Так что финансовый кризис Россию не испугает. Все, что надо для счастья — от Пушкина до футбола — у нас есть. Все, что надо для какого-то следующего счастья, за деньги все равно не купишь.
За деньги не купишь сны. Я не знаю, где можно купить хорошие сны. Потому что мне снятся тяжелые сны.
Мне снится Коммунистическая партия Палестины. Не часто. Всего лишь несколько раз в год. С большого похмелья. У меня редко доходит дело до похмелья. Поэтому и компартия Палестины снится не часто. Мой репрессированный в 1938 году дедушка был одним из ее создателей. Это было в конце двадцатых —  начале тридцатых годов. Так о дедушке написано в справке о реабилитации. Я думал, что это миф. Все-таки Палестина двадцатых годов была далека от коммунизма. Но оказалось, не так и далека. Там мне сказали специалисты по Коминтерну, коммунистическому и международному движению. Вот мне и снятся первые палестинские коммунисты. Они объясняют марксизм бедуинам и верблюдам.
Мне снится Ленин. Ленин пишет политическое завещание. Он требует назначить Генеральным секретарем партии большевиков Фрейда. Фрейд — именно тот, кто нужен большевикам. Он во всем разберется. А кто еще? А больше некого. Троцкий — позер. Троцкий неуправляем. Сталин груб. Каменев и Зиновьев не пользуются доверием партии. Только Фрейд. В завещании, кроме слова "Фрейд", все остальное — сплошной мат.
Мне снится Сталин. Сталин ведет себя тихо. Сталин только что позвонил по телефону Пастернаку, говорил с ним о Мандельштаме и остался вполне доволен разговором. Именно такого разговора Сталин от Пастернака и ждал. Сталин настроен почти благодушно. Но все равно страшно. Сталин всегда вызывает страх —  даже когда он ведет себя тихо. Очень тяжелый сон.
Пастернак мне снится тоже. И тоже после разговора со Сталиным о Мандельштаме. Пастернак очень недоволен. Он ждал совсем другого разговора со Сталиным. Пастернак недоволен Сталиным и недоволен собой. Пастернак бегает по квартире, суетится и кричит на жену.
И Мандельштам мне снится. После разговора о нем Сталина с Пастернаком. Мандельштам, как и Сталин, разговором остался доволен. Он ничего другого не ждал ни от Сталина, ни от Пастернака. Он понимает, что ни на какой другой они не способны.
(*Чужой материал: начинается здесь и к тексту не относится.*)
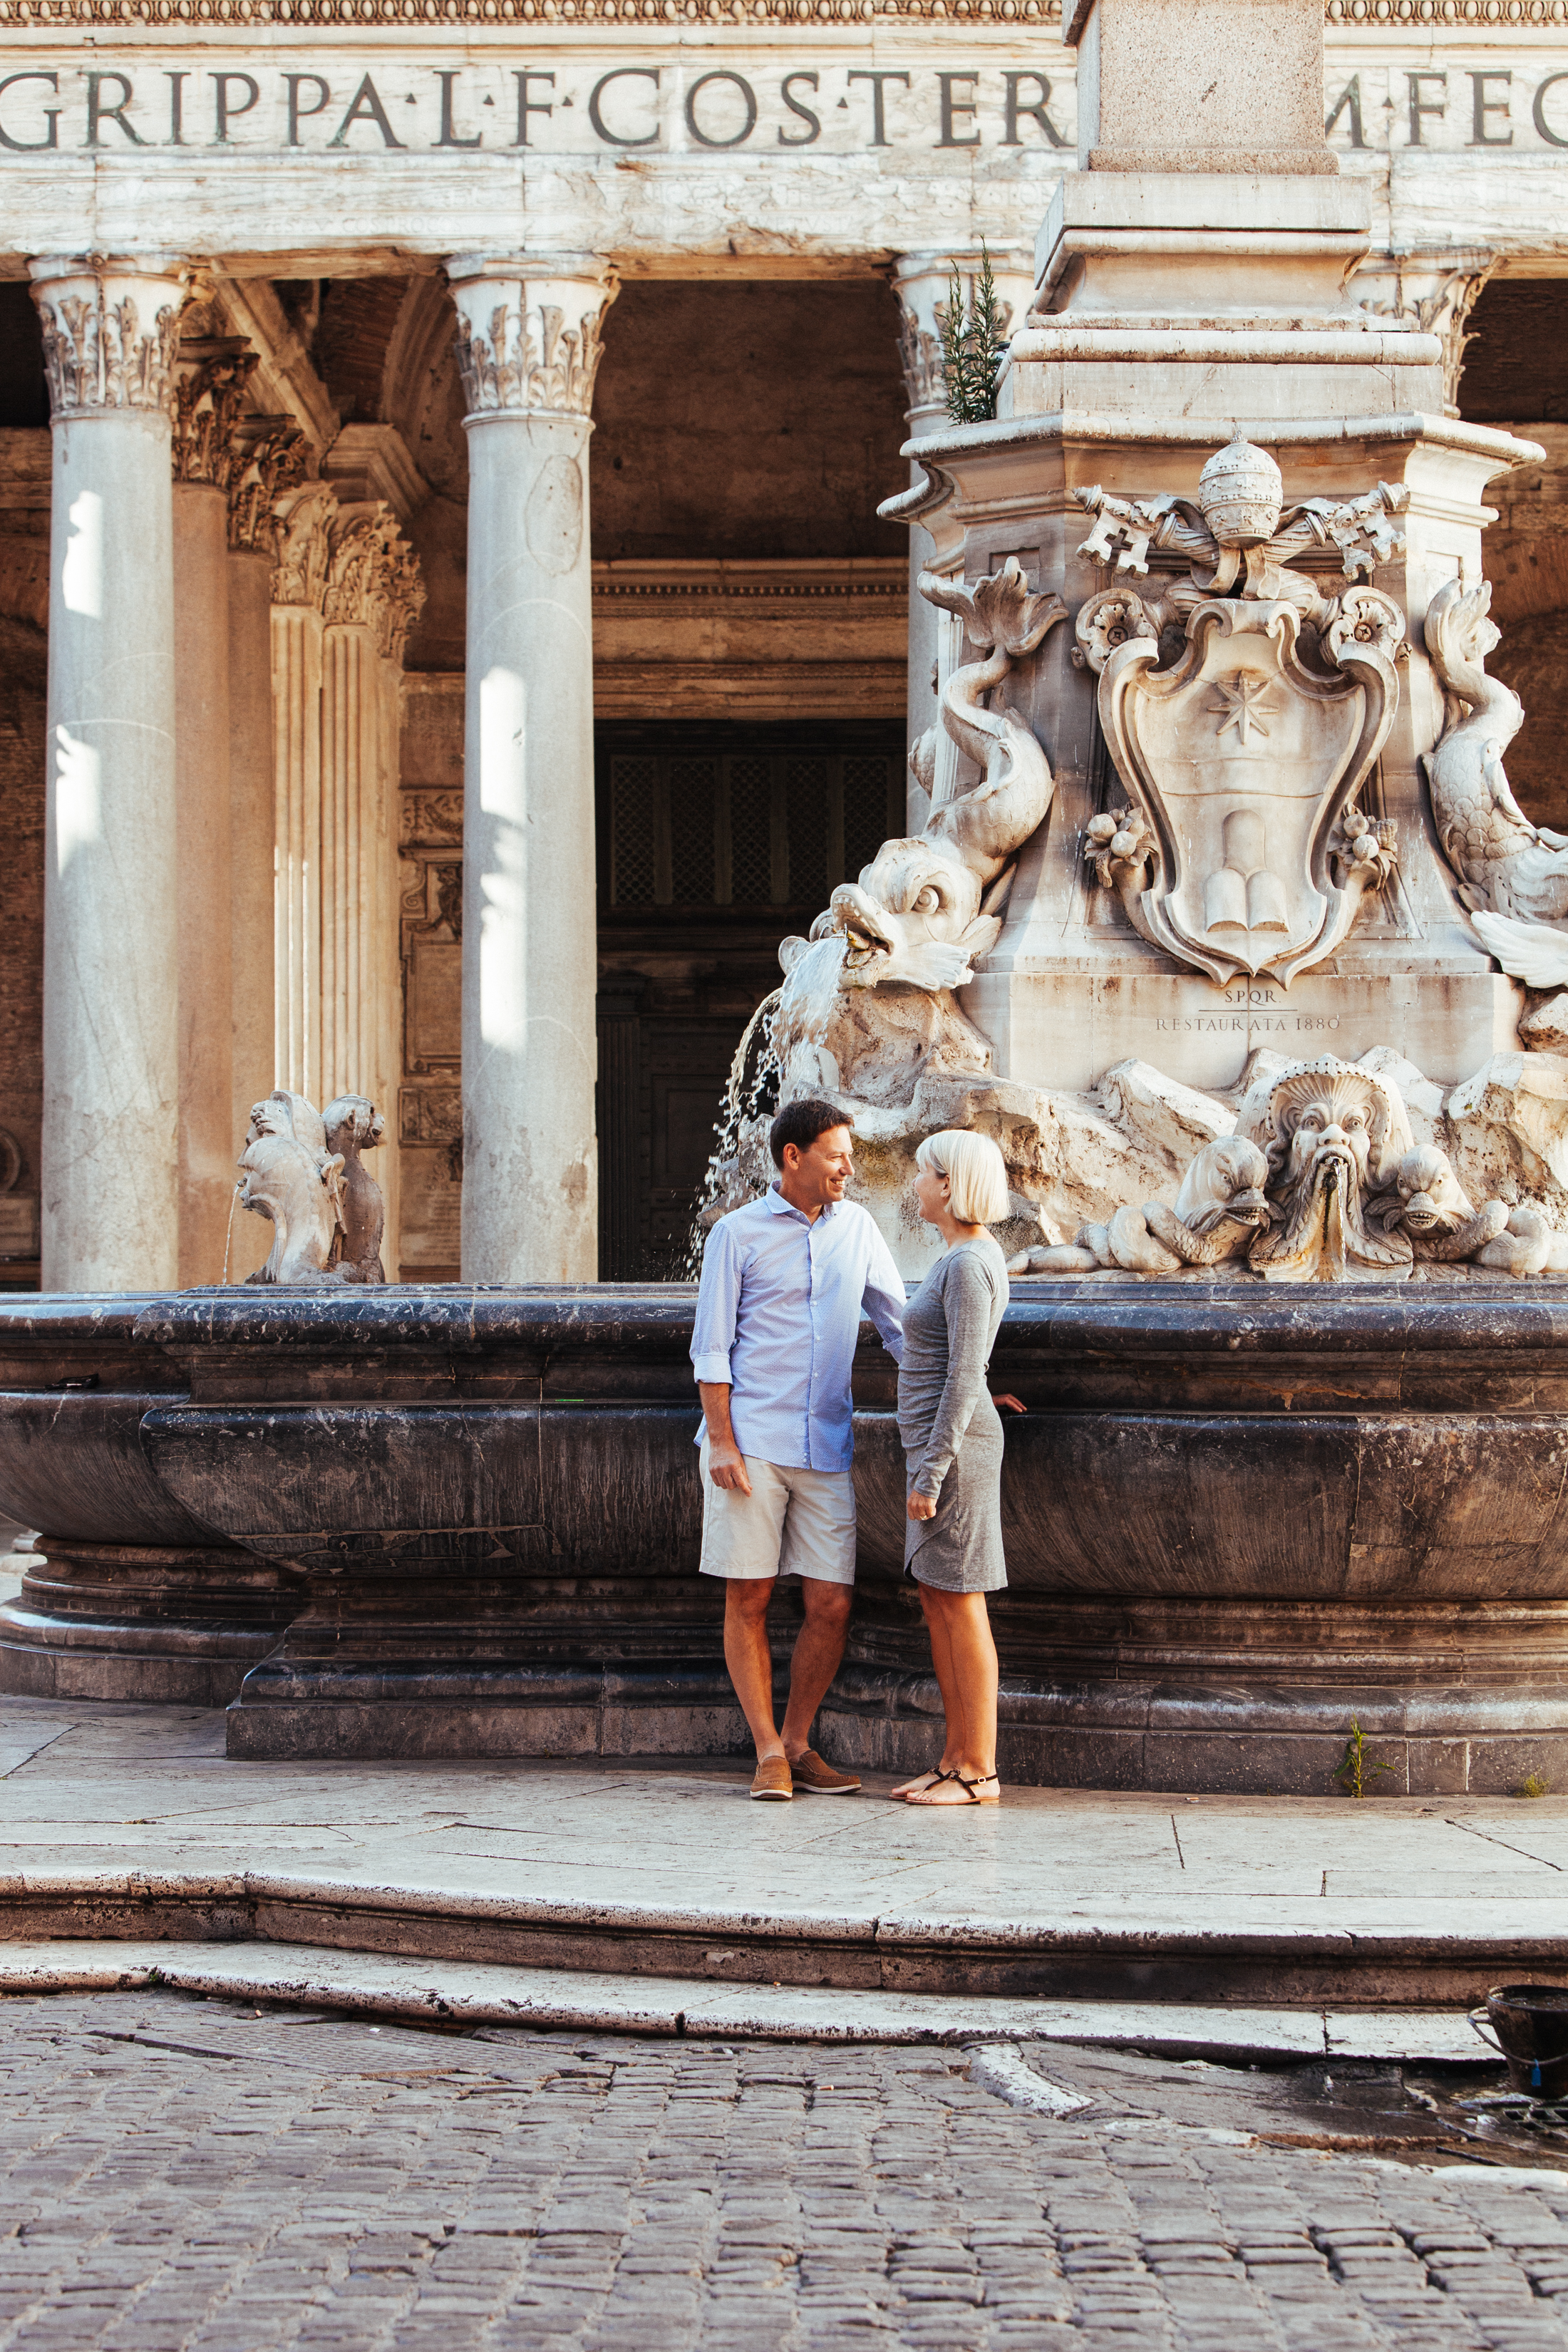  Flytographer:  Guido in Rome

Мне снится Брежнев. Брежнев говорит, что экономика должна быть экономной. Брежневу не верят. Над Брежневым смеются. Никто не хочет понимать смысл сказанных им слов. Все считают эти слова очередным бессмысленным советским слоганом. Очередным брежневским маразмом. А Брежнев, между прочим, смотрел далеко вперед. Брежнев знал, что двадцатый век пройдет и наступит двадцать первый. Что будет финансовый кризис, и экономике уже тогда надо будет экономить. Брежнев предсказал финансовый кризис еще тогда. Но его не послушали. Русские очень не любят, когда с ними говорят о деньгах. Русские не любят экономии. Если у них нет денег, то им нечего экономить. А если деньги есть, то экономить их они все равно не будут.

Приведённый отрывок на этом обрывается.